PROBLEM TO WORK ON :: Starting at the first line of the entries, extract each line up to and including the one that contains "Разные адидас. Adidas", but leave out the pictures.

--- START ---

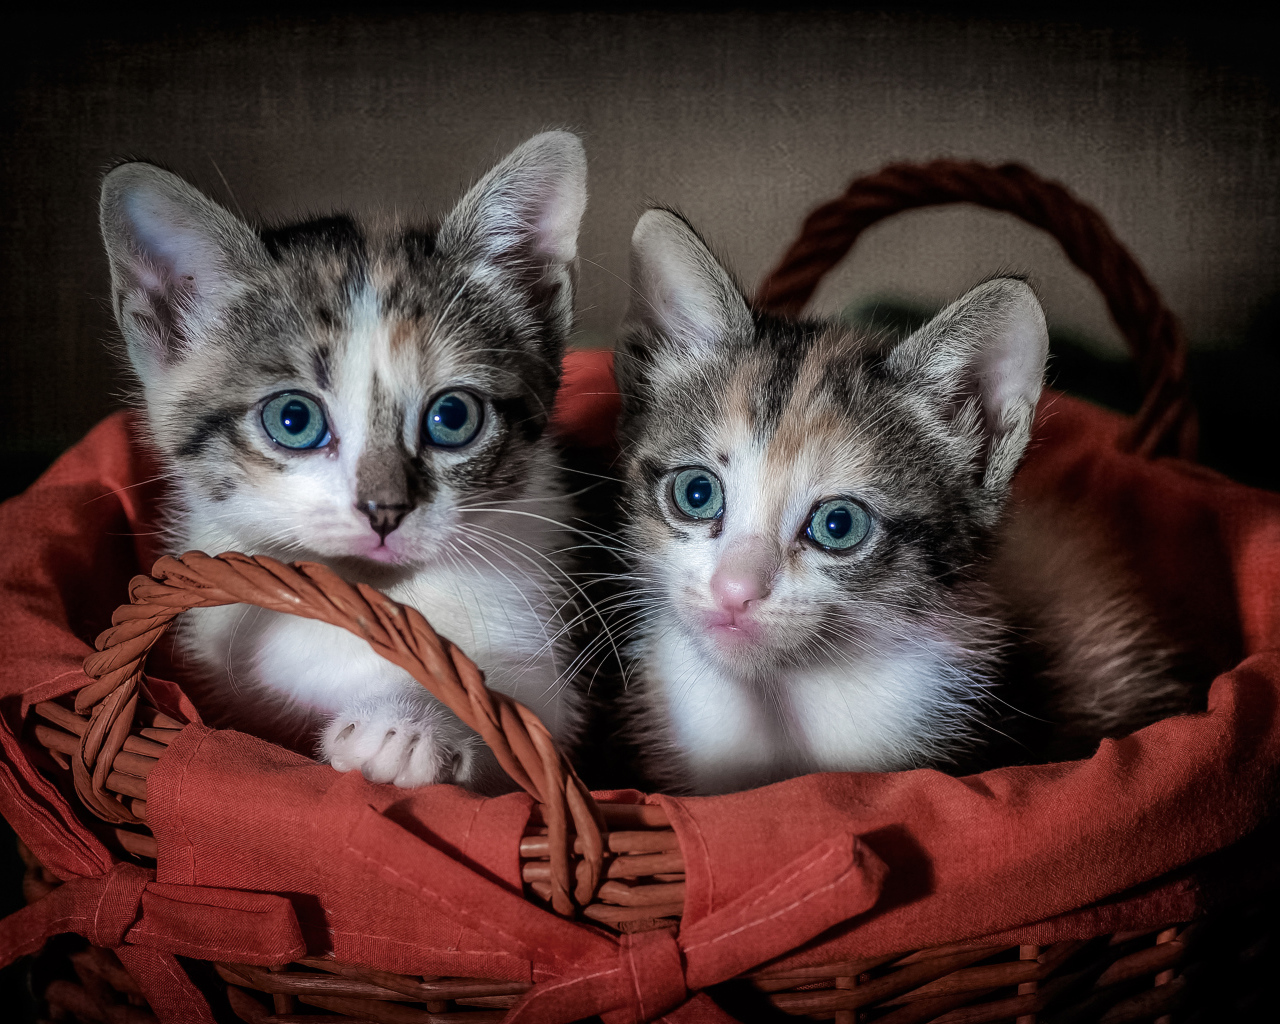 Два маленьких котенка в большой корзине 
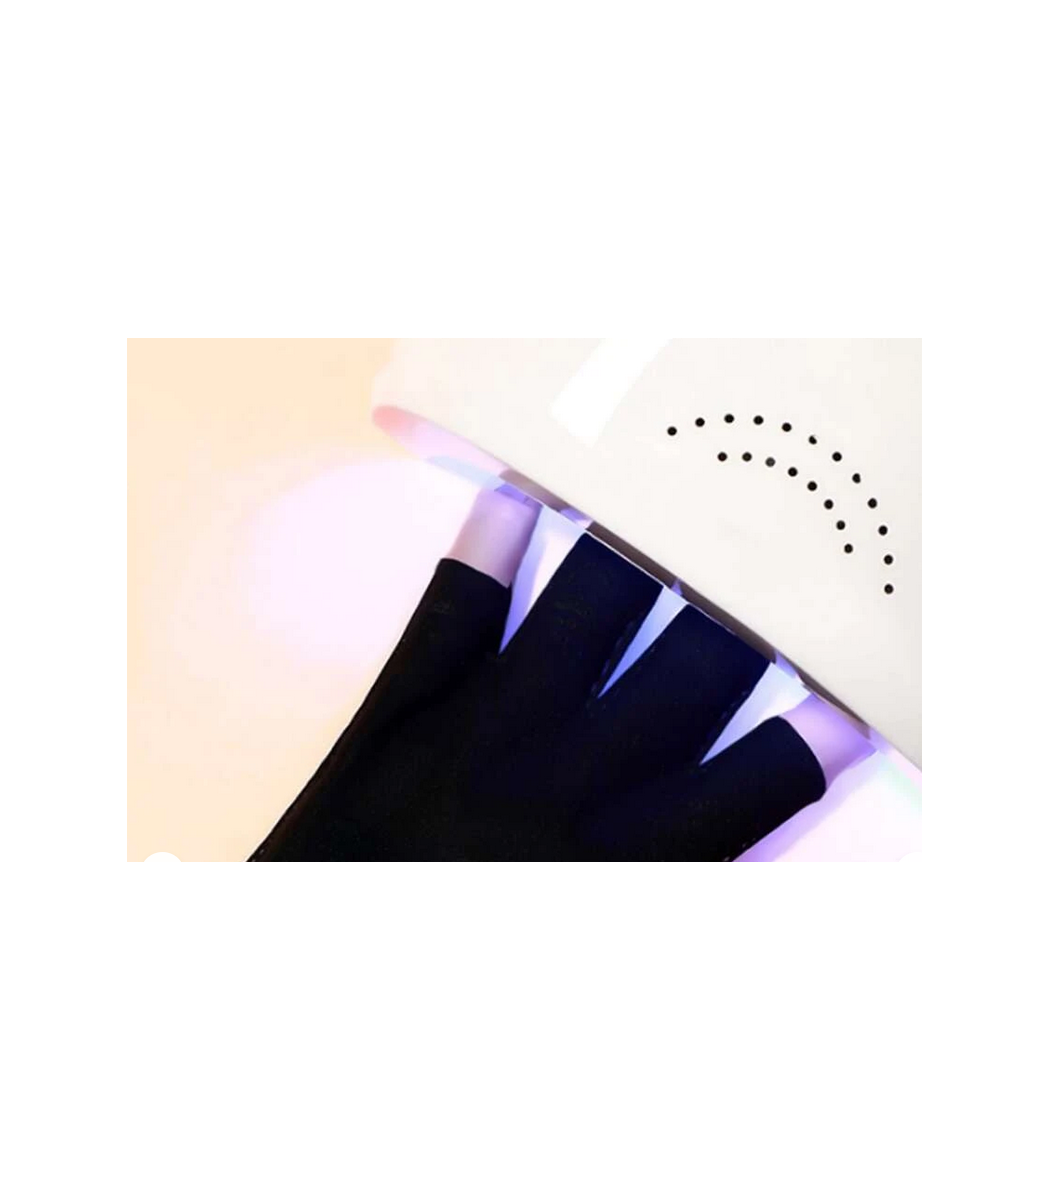 Uv Glove For GelΓάντια Nail Art ζευγος Προστατευτικό κάλυμμα για τα δάχτυλα
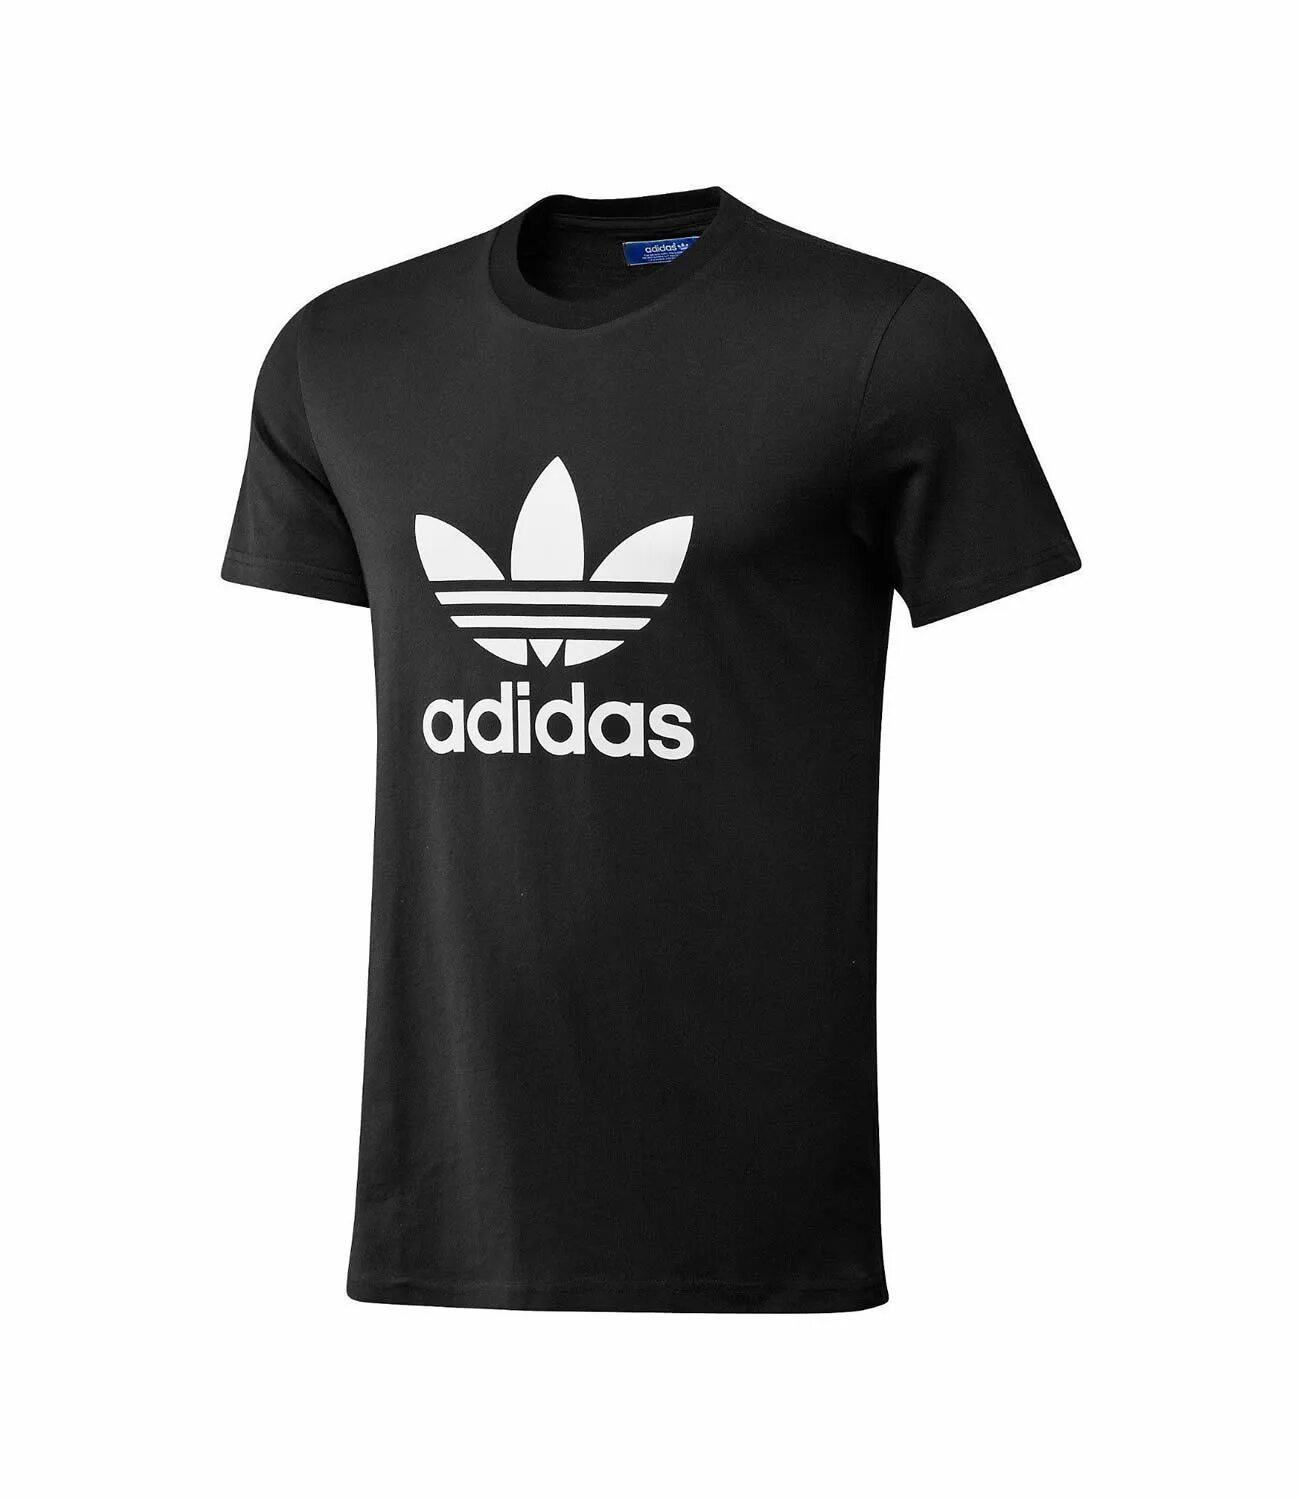 Разные адидас. Adidas Printshop. T-Shirt adidas Black. Адидас т ширт. Adidas t Shirt New collection.
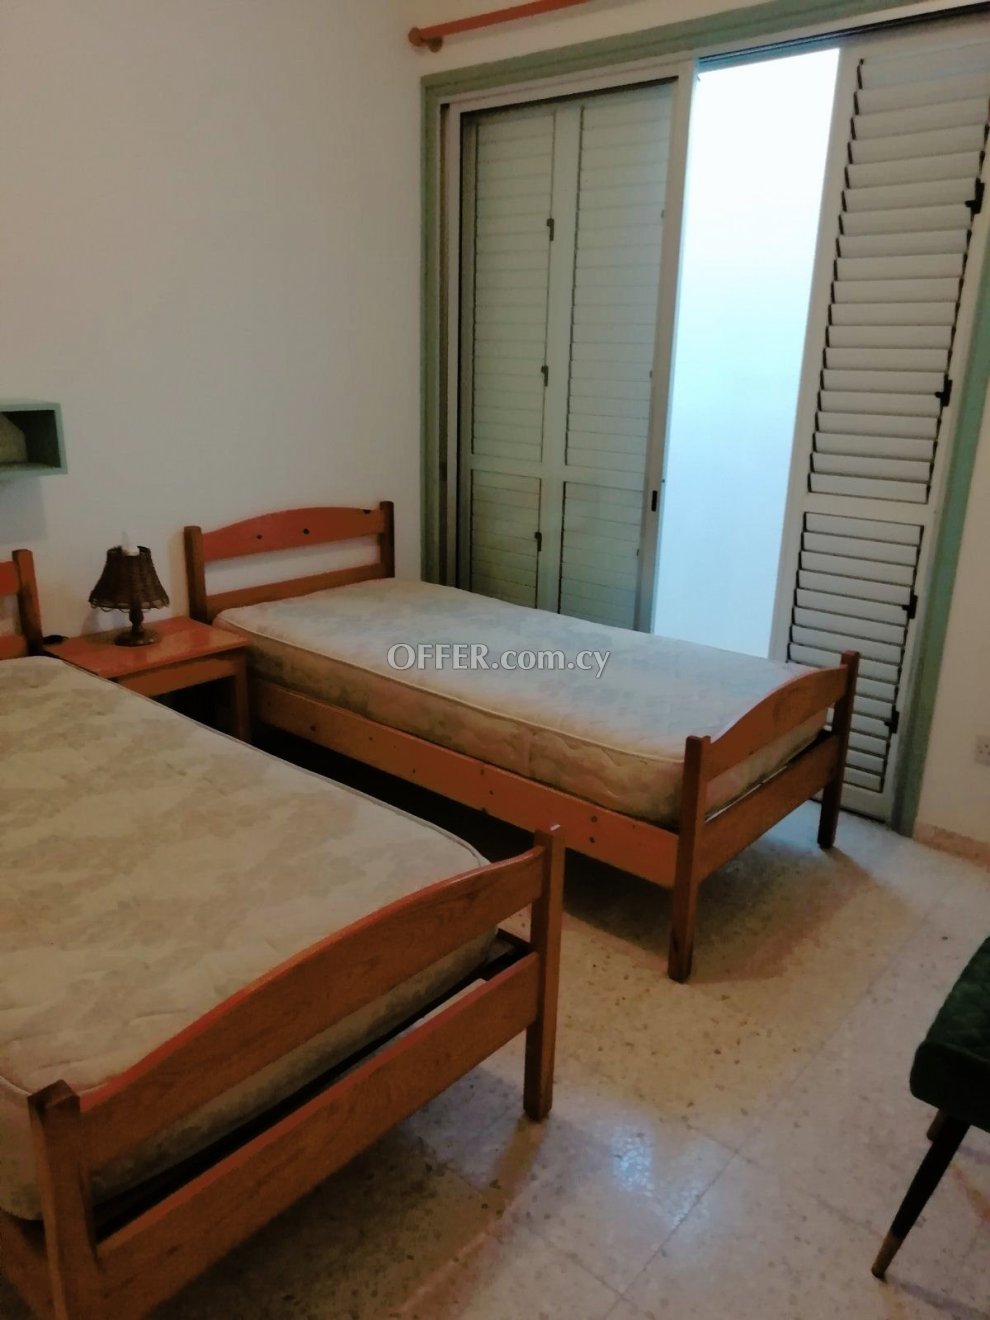 2 Bed Maisonette for rent in Kissonerga, Paphos - 2
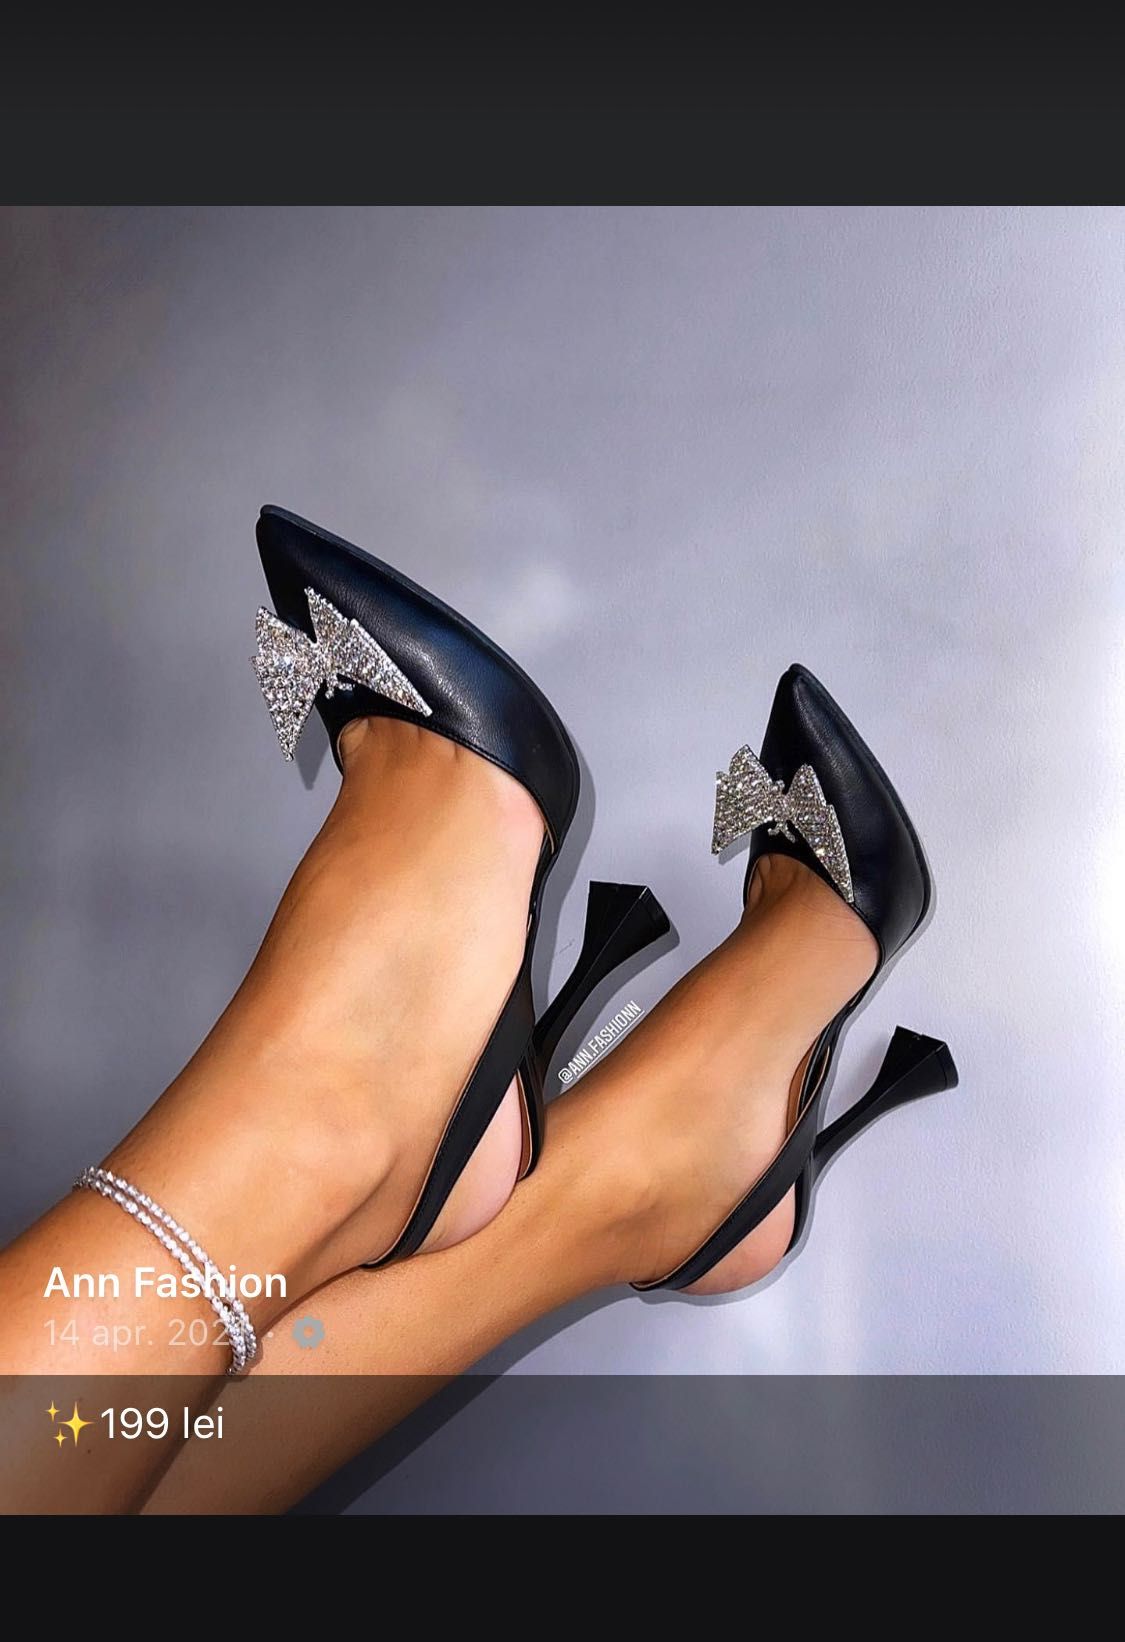 Pantofi Ann Fashion

--- END ---

YOUR RESPONSE ::
 Два маленьких котенка в большой корзине 
 Uv Glove For GelΓάντια Nail Art ζευγος Προστατευτικό κάλυμμα για τα δάχτυλα
 Разные адидас. Adidas Printshop. T-Shirt adidas Black. Адидас т ширт. Adidas t Shirt New collection.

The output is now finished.